There will be five sets of lectures by the following distinguished lecturers:

Opinion Mining and Sentiment Analysis

Bing Liu

Abstract

Sentiment analysis or opinion mining is the computational study of people's opinions, sentiments, evaluations, attitudes, and emotions expressed in written text. It is one of the most active research areas in natural language processing, and is also widely studied in data mining and Web mining. Its popularity is mainly due to two reasons. First, it is useful to every organization and individual because opinions are central to almost all human activities and are key influencers of our behaviors. Whenever we need to make a decision, we want to hear others' opinions. That is why applications of sentiment analysis have flourished in recent years. Second, it presents many challenging research problems, which had never been attempted before the year 2000. Part of the reason for this lack of study before was that there was little opinionated text in digital forms. It is thus no surprise that the inception and the rapid growth of the field coincide with those of the social media on the Web. This research has in fact spread outside of computer science to management sciences and social sciences due to its importance to business and society as a whole. In this lecture, I will introduce the key problems of sentiment analysis, main existing techniques, and their applications. I will also go beyond to discuss the problem of detecting fake and deceptive opinions in social media.

Biography

Bing Liu is a professor of Computer Science at University of Illinois at Chicago (UIC). He received his PhD in Artificial Intelligence from University of Edinburgh. Before joining UIC, he was with the National University of Singapore. His current research interests include sentiment analysis and opinion mining, opinion spam detection, and social media modeling. He has published extensively in top conferences and journals in these areas, and given many keynote and invited talks. His work has also received wide press coverage including a front page article of The New York Times. In 2012, he published a book titled "Sentiment Analysis and Opinion Mining" (Morgan and Claypool Publishers). Liu's earlier work was in the areas of data mining, Web mining, and machine learning, where he also published extensively in leading conferences and journals, including a textbook titled "Web Data Mining: Exploring Hyperlinks, Contents and Usage Data" (Springer). On professional services, Liu has served as program chairs of KDD, ICDM, CIKM, WSDM, SDM, and PAKDD, and as area/track chairs or senior PC members of many natural language processing, Web technology, data mining, and Artificial Intelligence conferences. Additional information about him can be found at http://www.cs.uic.edu/~liub/.

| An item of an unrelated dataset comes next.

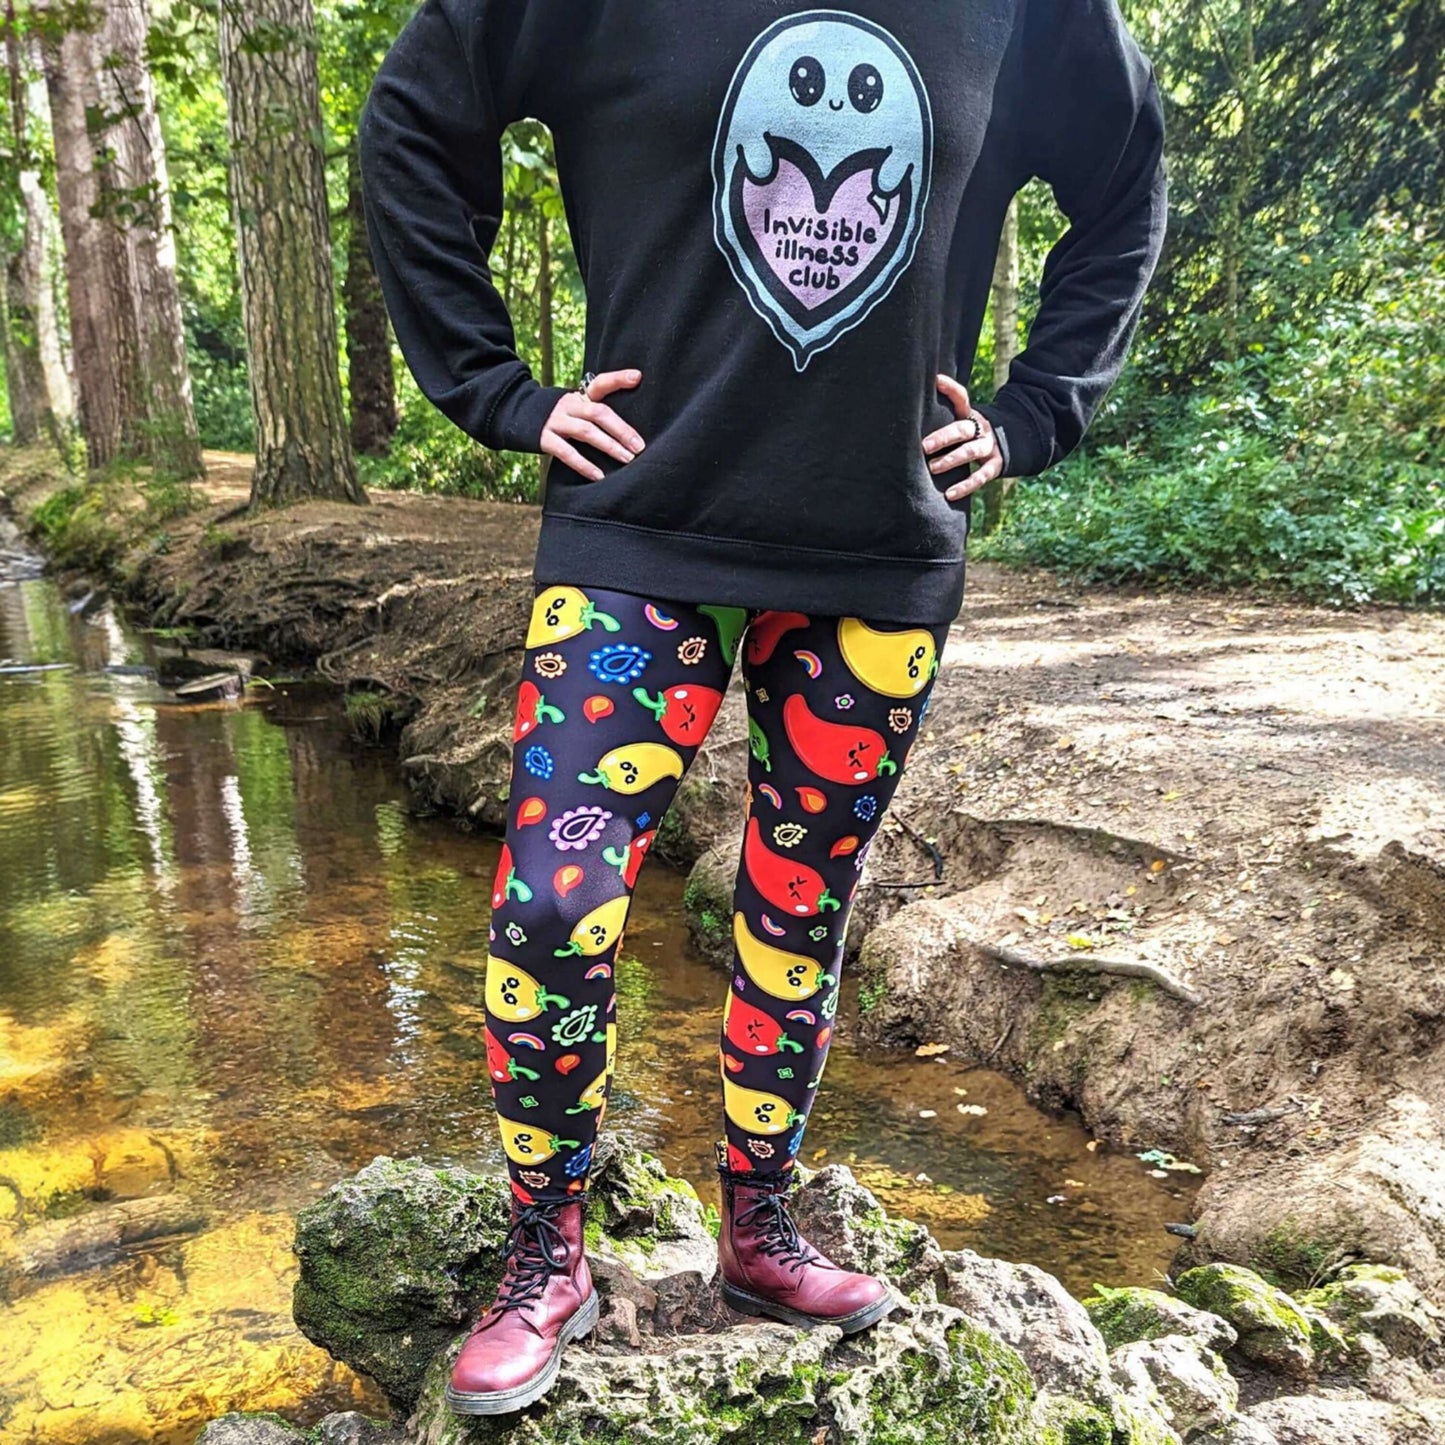 A person standing on a rock wearing Black leggings with red, green, orange and yellow chilli peppers with cute faces on and various cute doodles around them. The hand drawn design is raising awareness for neurodiversity.
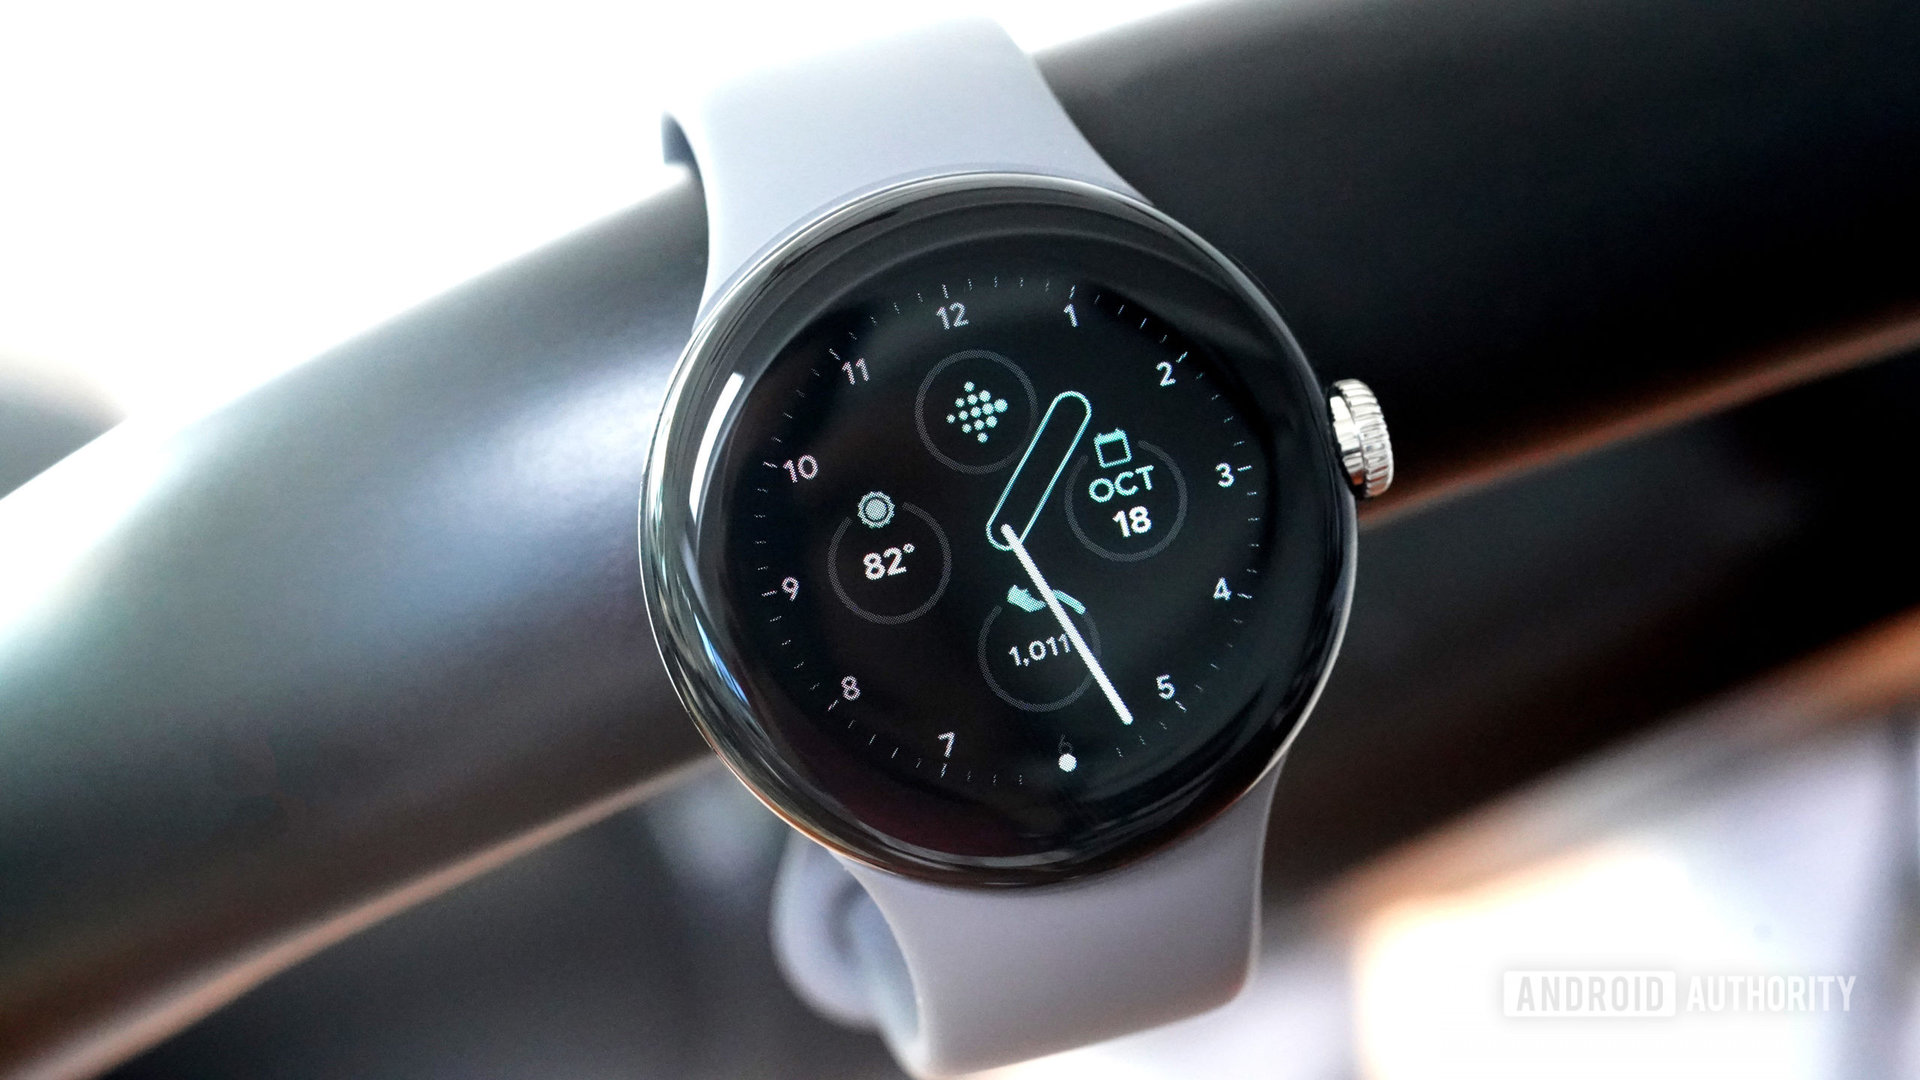 Google Pixel Watch buyer's guide: Price, features, and more

Mobility Data Analysis and Mining

Fosca Giannotti

Abstract

The wireless networks that surround us, as a by-product of their normal operations, allow for sensing and collecting massive repositories of spatio-temporal data, such as the call detail records from mobile phones and the GPS tracks from car navigation devices, which represent society-wide proxies of human mobile activities. These big mobility data provide an unprecedented powerful social microscope, which helps us understand human mobility, and discover the hidden patterns and profiles that characterize the trajectories we follow during our daily activity. The lecture will illustrate the basic methods of mobility data mining, designed to extract from the big mobility data the patterns of collective movement behavior, i.e., discover the subgroups of travelers characterized by a common purpose, and the profiles of individual movement activity, i.e., characterize the routine mobility of each traveller. We also present how mobility data mining can be combined with complex network analysis to address fascinating new questions, such as how to discover the geographical borders that emerge from the network of flows between any two zones in a territory, and how to measure to what extent the mobility patterns shape and impact the social networks we inhabit.

Biography

Fosca Giannotti is a director of research at the Information Science and Technology Institute of the National Research Council, ISTI-CNR, Pisa, Italy. Her current research interests include spatio-temporal data mining, privacy preserving data mining, social network analysis, data mining query languages. She has been the coordinator of various European research projects, including the FP6-IST project GeoPKDD. She is a member of steering committee of the FP7 European Coordination Action MODAP: Mobility, Data mining and Privacy. She is the author of more than one hundred publications and served in the scientific committee of the main conferences in the area of Databases and Data Mining. She chaired ECML/PKDD 2004, the European Conf. on Machine Learning and Knowledge Discovery in Data Bases, and ICDM 2008, the IEEE Int. Conf. on Data Mining. Fosca Giannotti co-leads the KDD Lab – Knowledge Discovery and Data Mining Laboratory2 – a joint research initiative of the University of Pisa and ISTI- CNR.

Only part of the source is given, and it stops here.